11/09/2019 at 07:35 •
A DPST relay can be emulated with two SPST relays, with their coils in series (one coil replaces the pull-up resistor so energy efficiency is increased). However there are two problems :
- the high-side relay gives an inverted value
- the power-up value of the complementary latch gives a non-complementary value, both relays are left open.
The first problem is somehow "easy" to solve with the YGREC8 : the inverted value will go to SND because there is a XOR/inverter in the datapath. We just need to invert "in the other case".
The 2nd problem is solved by a diode, connected to a common /RESET rail that is momentarily connected to 0V during the power-up sequence. This means more diodes, but the power-up sequence can be shorter than some code scanning the register set and writing to each of them...
I just tested my system with the RES64 and it works well. The only problem is the capacitance of the RS flip-flop, the 47µF capacitor I tried is too large and 5µF would be good (a discharge time of 10ms) though I can't find the appropriate part.
The discharge time will determine the max. switching frequency (?), I think 10µF would still take a full clock cycle to discharge at 50Hz, and nothing prevents us from aborting the discharge. So I ordered more Russian 10µF tantalum caps.
This is also interesting because the much higher resistance of the RES64 coils keeps us from having to use large capacitors for timing purposes. For example, the POR (Power-On-Reset) could be controlled by a large capacitor (1000µF ?) discharging in a coil...
Experiments have shown very interesting results... Such as a 100µF capacitor with an internal 6K Ohms resistance ???

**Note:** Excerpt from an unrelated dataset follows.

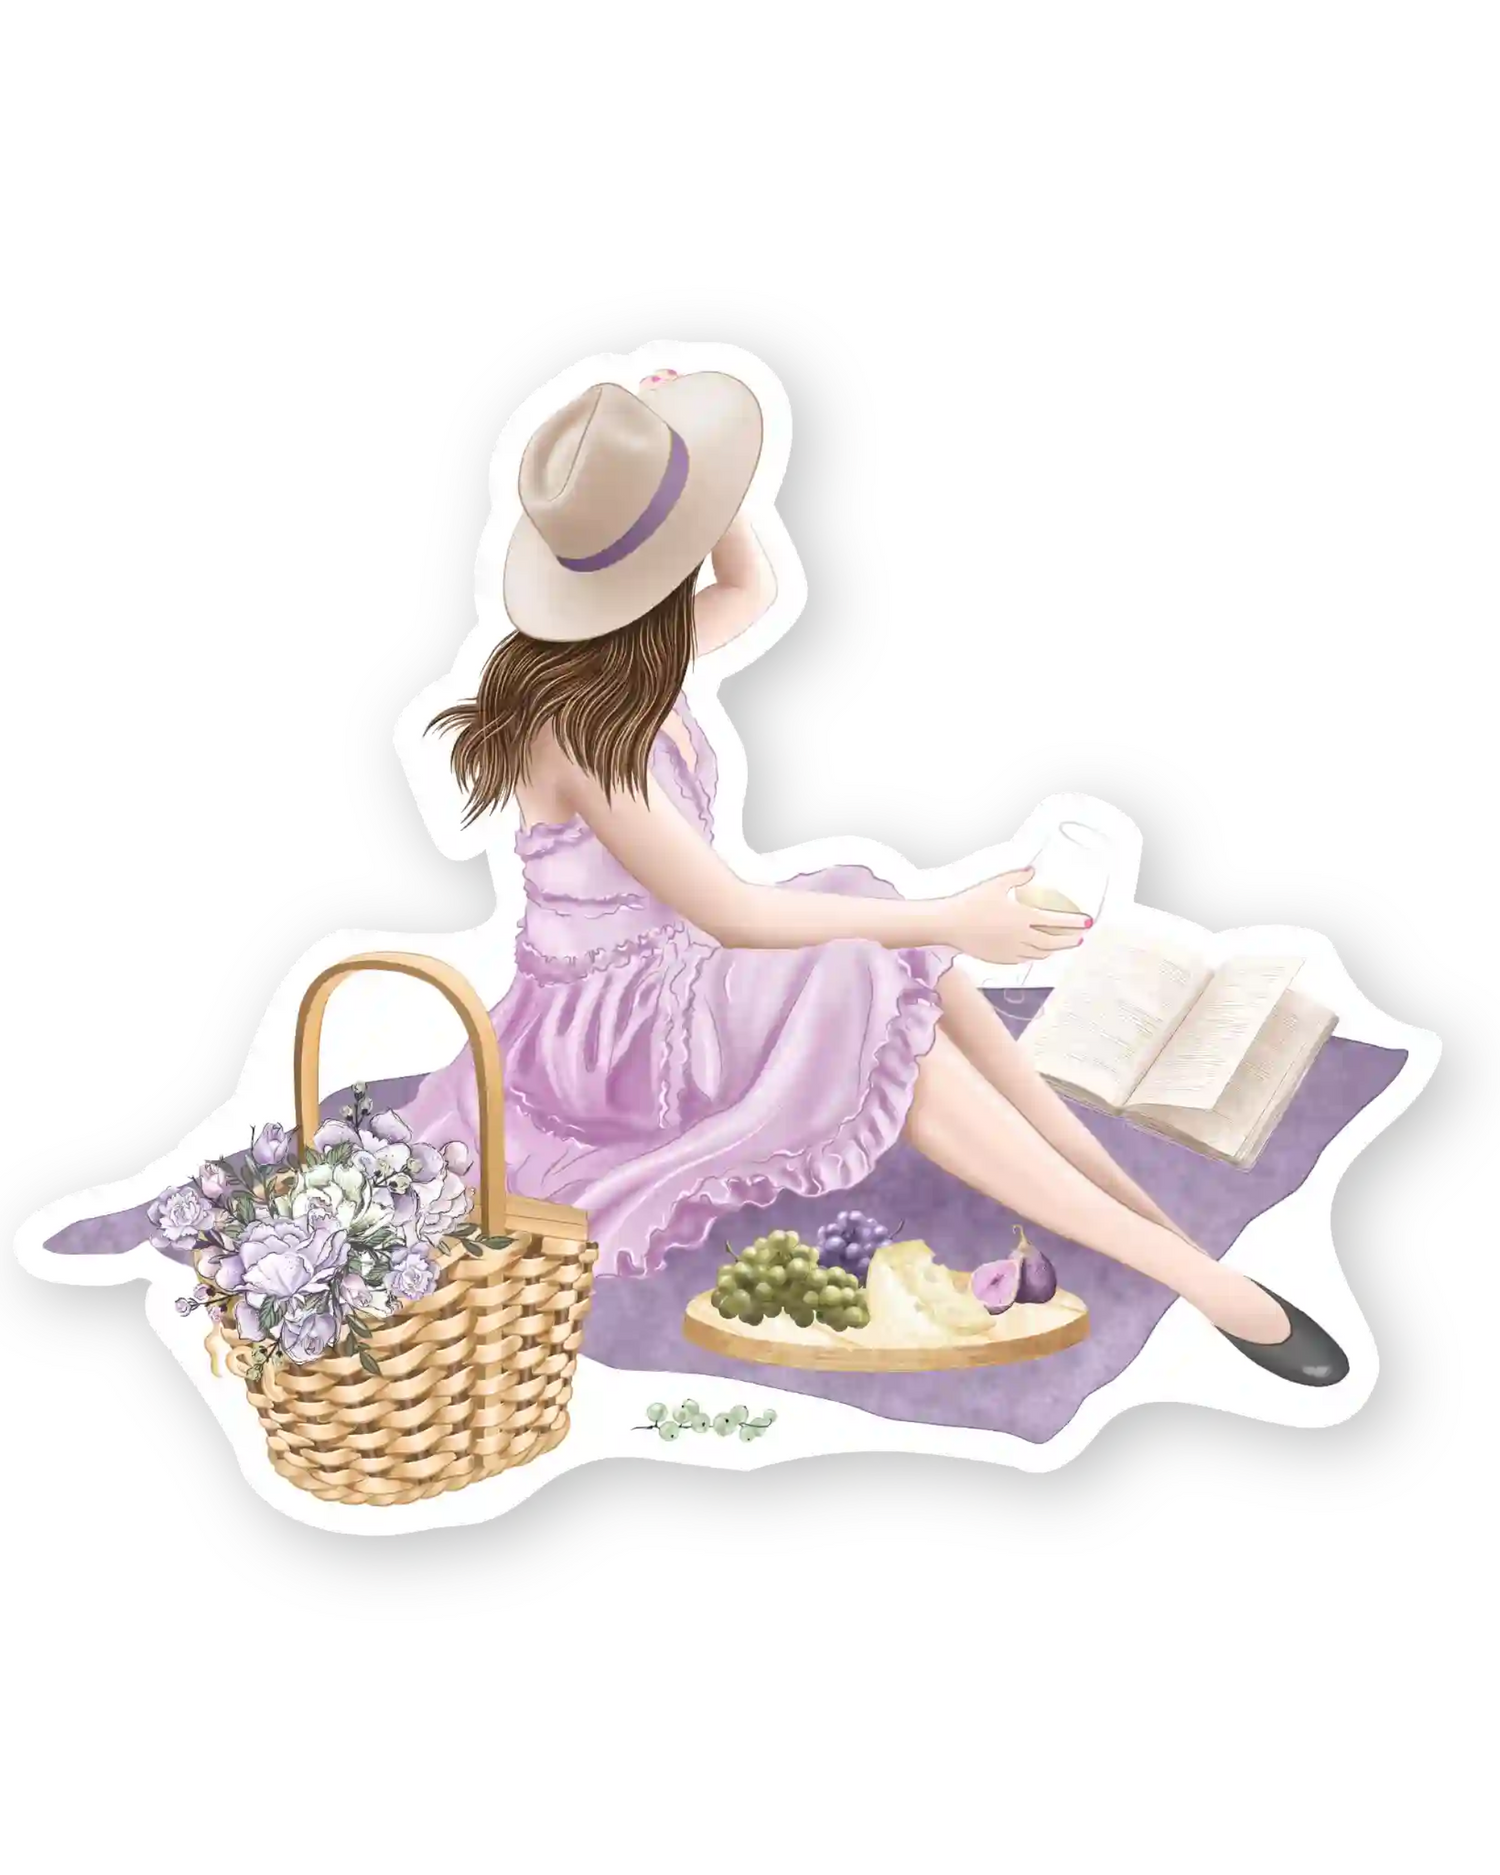 Naljepnice za planer Blankets and Baskets, ilustracije detalj djevojka sjedi na piknik dekici pored košare s cvijećem i voćem na pladnju

Because of this leakage current, the sensitive timing relay was still partially energised and wouldn't turn off after the RC time... Check your parts before using them !!!
No trick, I swear !
I make a 2-relays POR circuit now... Here is the schematic :
I botched the manual reset, is should be a SPDT switch so the 470µ capacitor is discharged fast (through 200 ohms or so).
The output has a weak pull-up resistor to backwards-bias all the diodes and (hopefully) reduce the crosstalk between all the latches.
3 more diodes help with discharging the capacitor or to prevent reverse-charging.
The 470µF cap provides a good 1s pulse.
The output RES64 could be buffered with more and stronger relays (like 3×RES15)
The only problem is with the voltage trigger : this voltage changes with time and self-heat... I'll have to find another system.
Oh and the trigger voltage varies with the ramp-up speed...
But this system is still more reliable than nothing. And I can select how many Ge diodes are in series to tune the voltage.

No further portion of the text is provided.